Fano factor as function of bias voltage. Parameters are the same as in Fig. 6. The sharp peak at $V=295k_{\text{B}}T$ arises at the onset of spin excitations (dashed, blue line in Fig. 4).

Figure 8

(Color online) Probabilities to find the impurity in spin state $|S_z⟩$ as a function of bias voltage (upper panel). The middle (lower) panel shows the probability to find the system in the state $|\uparrow ⟩\otimes |S_z⟩\left(|\downarrow ⟩\otimes |S_z⟩\right)$. Parameters are the same as in Fig. 6.

Figure 9

(Color online) Current as a function of bias voltage for perpendicular magnetizations for $p=0.9$ and ${\Gamma }_{\text{L}}={\Gamma }_{\text{R}}=10J_{\text{R}}$. Black curves are for $\eta =+1$ while gray (red) curves are for $\eta =-1$. For the upper panel, $\epsilon =-300k_{\text{B}}T$ while for the lower panel $\epsilon =50k_{\text{B}}T$. Other parameters as in Fig. 3. While the solid lines represent the full result, for the dashed curves the exchange field was set to zero by hand.

Figure 10

(Color online) $x$, $y$, and $z$ component of the average dot spin and $z$ component of the average impurity spin for perpendicular magnetizations as function of bias voltage for positive (upper panel) and negative (lower panel) sign of the interference term.

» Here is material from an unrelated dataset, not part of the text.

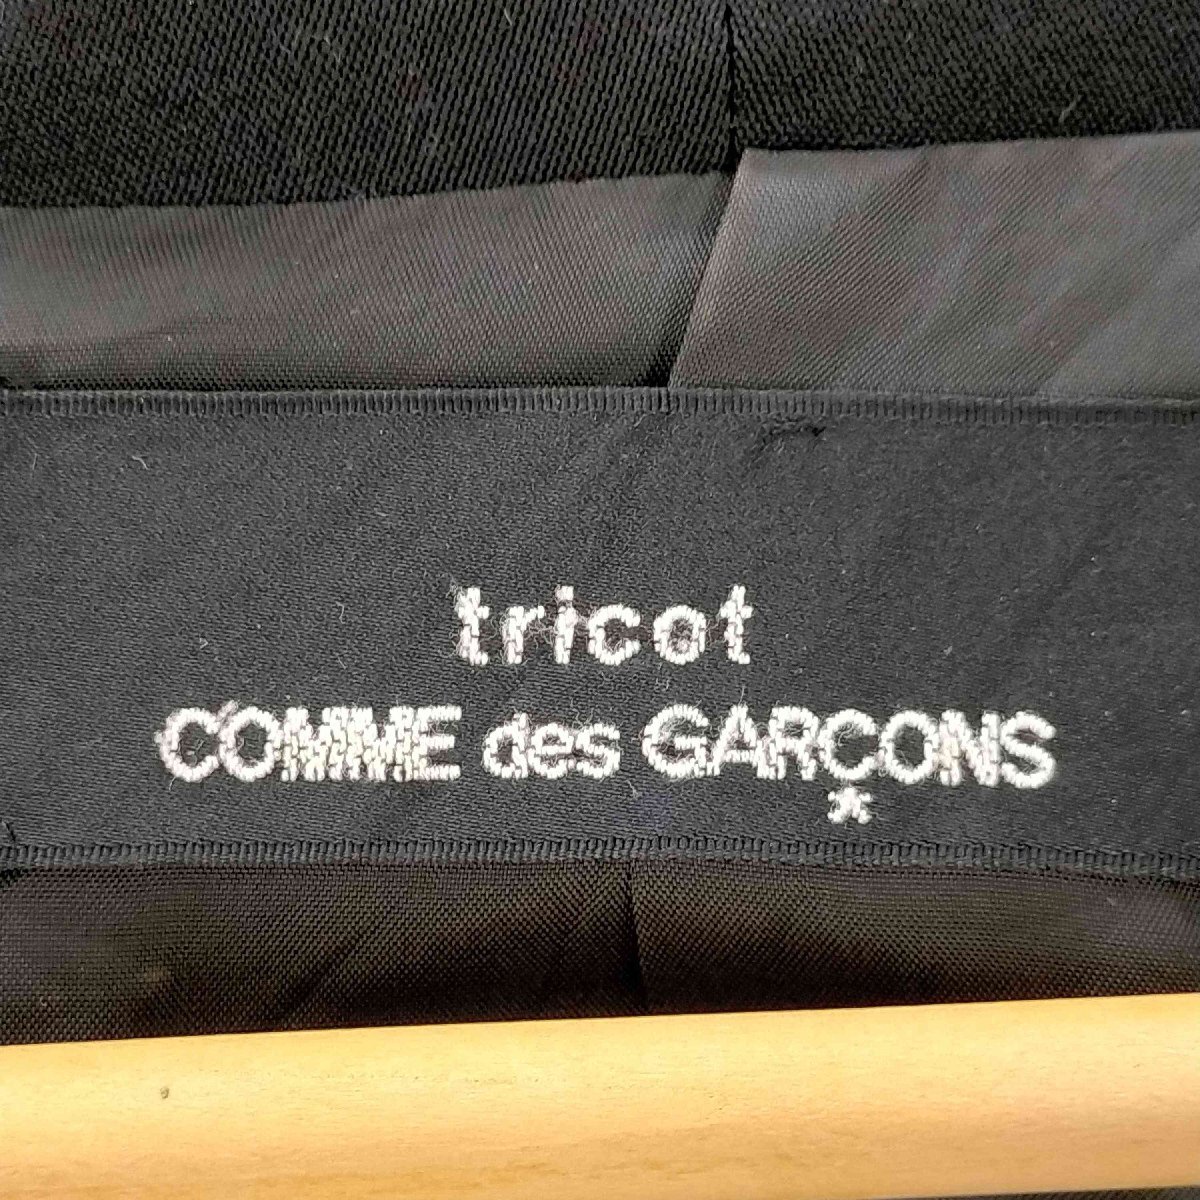 tricot COMME des GARCONS(トリココムデギャルソン) 80S ウール 短丈 ボレロ 中古 古着 0205の画像6
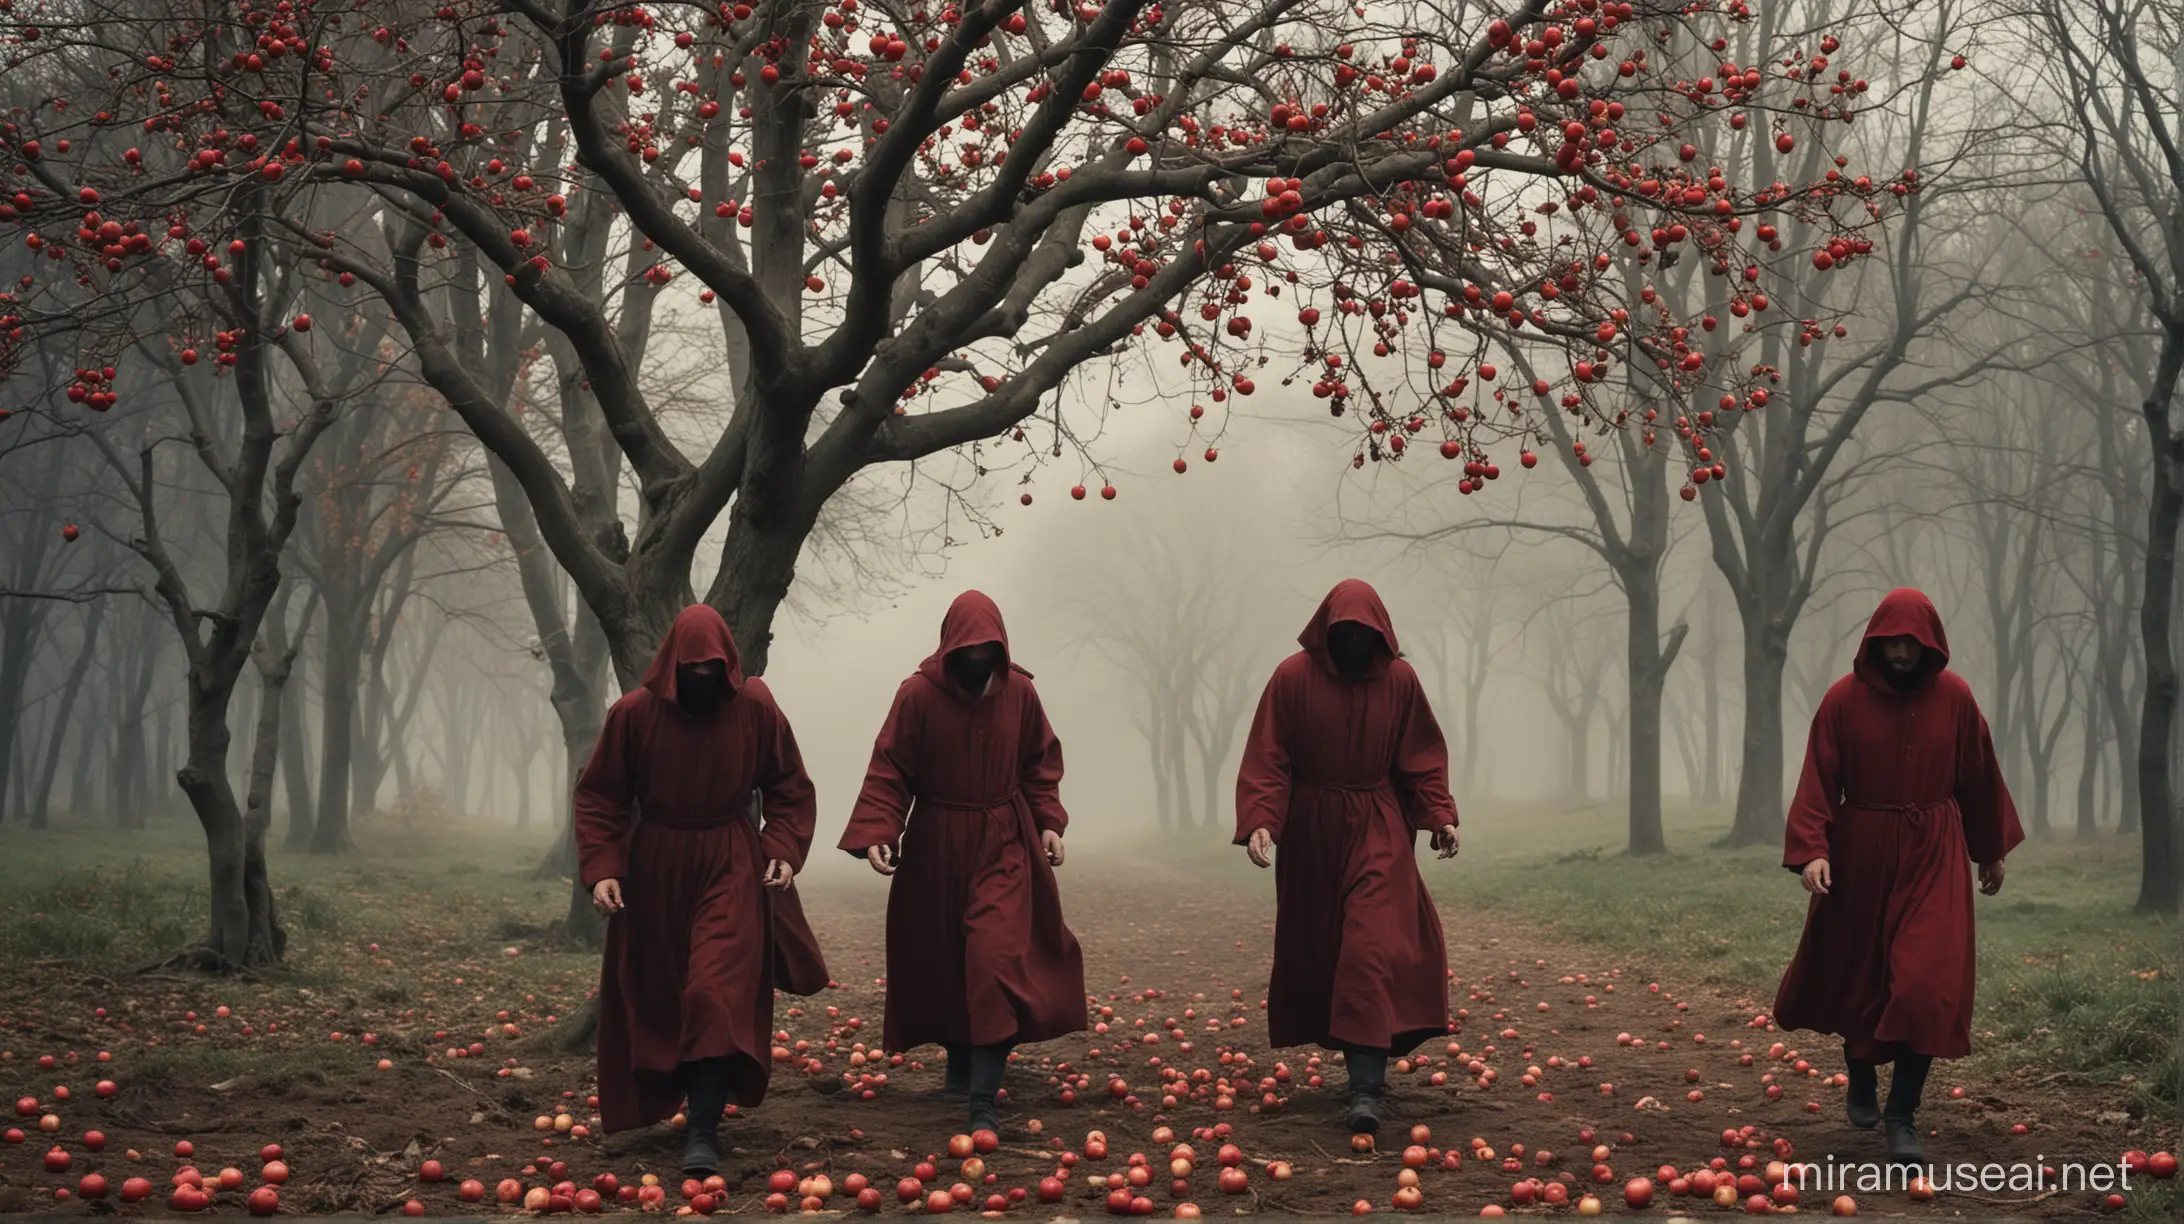 3 Antichrists are fleeing towards a tree with red apples.

Parameters as in Fig. 9a.

Figure 11

(Color online) Frequency-dependent Fano factor for moderate ($p=0.3$, upper panel) and large ($p=0.9$, lower panel) polarizations. For $p=0.3$, an external magnetic field perpendicular $B_{\text{ext}}=1.5\Gamma$ is applied to the quantum dot alongs its quantization axis. Other parameters are the same as in Fig. 9, except that now $D=0$ and $\eta =+1$.

Figure 12

(Color online) Schematic of the conductance for the situation, where $B⪢\Gamma$, $J\lesssim \Gamma$. The lines indicate peaks in the differential conductance.

Figure 13

(Color online) Finite-frequency Fano factor for different values of the exchange coupling $J$. The Fano factor shows a peak at the Larmor frequency associated with the exchange field. Parameters are ${\Gamma }_{\text{L}}=2{\Gamma }_{\text{R}}$, $k_{\text{B}}T=10{\Gamma }_{\text{L}}$, $B=50k_{\text{B}}T$, $U=5B$, $\epsilon =B/2$, and $V=11B$.

Figure 14

(Color online) Frequency-dependent Fano factor as a function of frequency and external magnetic field (upper panel) or exchange coupling (lower panel). The level splittings calculated for a system of two exchange coupled spins in a magnetic field which is the sum of the exchange fields and the external fields are indicated by dotted lines. Parameters are $J=2\Gamma$ (upper panel), $B=2\Gamma$ (lower panel), ${\Gamma }_{\text{L}}=10{\Gamma }_{\text{R}}=0.05k_{\text{B}}T$, $\epsilon =50k_{\text{B}}T$, $V=105k_{\text{B}}T$, $U=150k_{\text{B}}T$, $p=0.9$, and $\varphi =\pi /2$.